Question

10. Two balls are thrown vertically upwards
simultaneously with different speeds. The variation
of their relative separation (AY) with time is best
represented by (Assume no rebouncing after hitting
ground)​

Answer 1

Answer:

(4) is correct option.

Explanation:

Before ball with lesser velocity hits the ground.

1) When two balls are thrown vertically upwards simultaneously with different speeds, then relative acceleration between them is 0.

Hence, Relative velocity is constant .

And, Direction of relative velocity changes from upward to downward in their journey.

=> Sign of relative velocity changes in upward to downward motion.

Slope in $\Delta Y\:\:Vs\:\: t$ (Relative Velocity ) is constant in upward and downward journey.

=> Graph in  $\Delta Y\:\:Vs\:\: t$  is linear in time.

2) After ball with lesser velocity hits the ground,

Relative acceleration is 'g' acting downward.

Relative acceleration is -10 units.

Hence, Relative velocity is linear and therefore, relative separation is quadratic in time .

Final Relative separation is 0.

=> Graph of relative separation is quadratic with  x-intercept when remaining ball hits the ground.

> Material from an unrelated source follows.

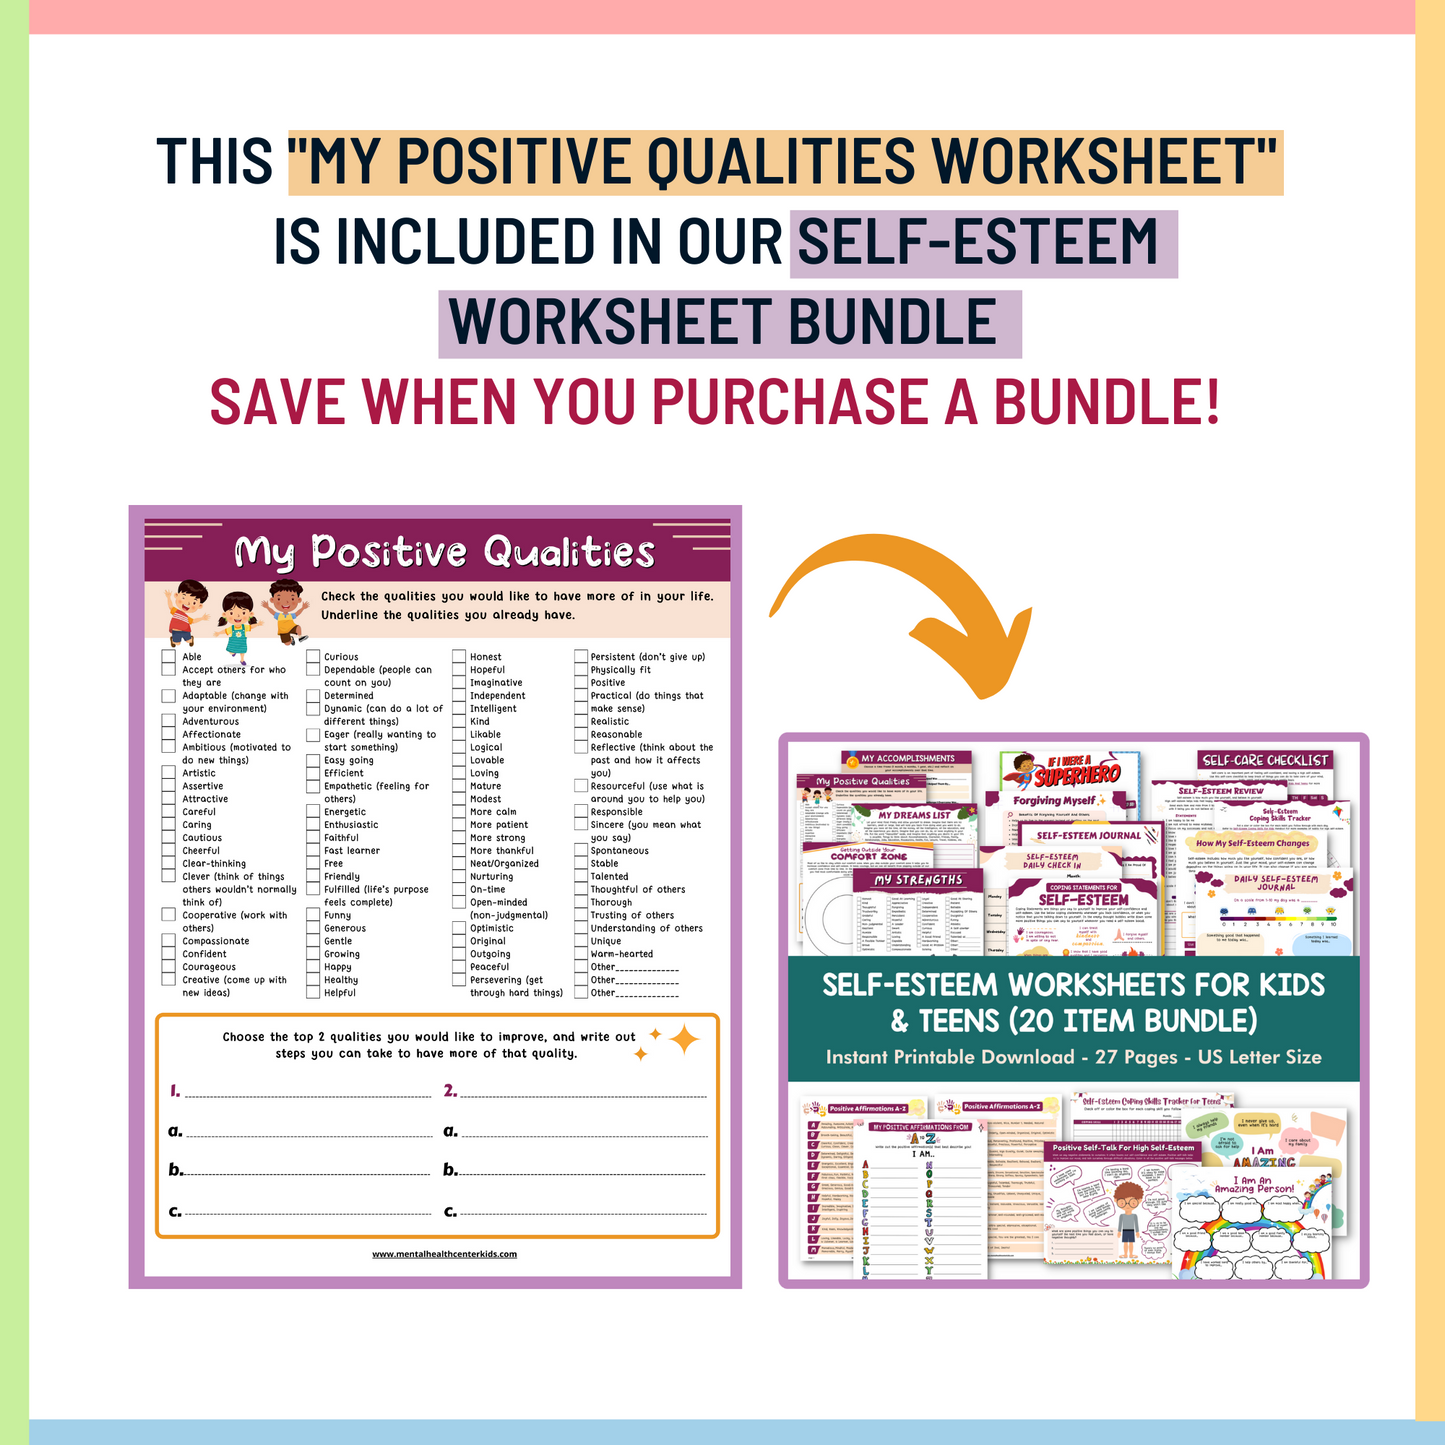 My Positive Qualities Worksheet

Finally, combining both (1) and (2) , Option (4) is correct .

Answer 2

Answer:

Graph 4

Explanation:

Time 40 m/s  50 m/s ΔY

0         0          0         0

1         35         45         10

2         60         80         20

3         75         105         30

4         80         120         40

5         75         125         50

6         60         120         60

7         35         105         70

8         0         80         80

9         0         45         45

10         0         0          0

The variation of their relative separation is linear  till ball with less velocity reaches the ground

but after that The variation of their relative separation is not linear

so Graph 4 is correct option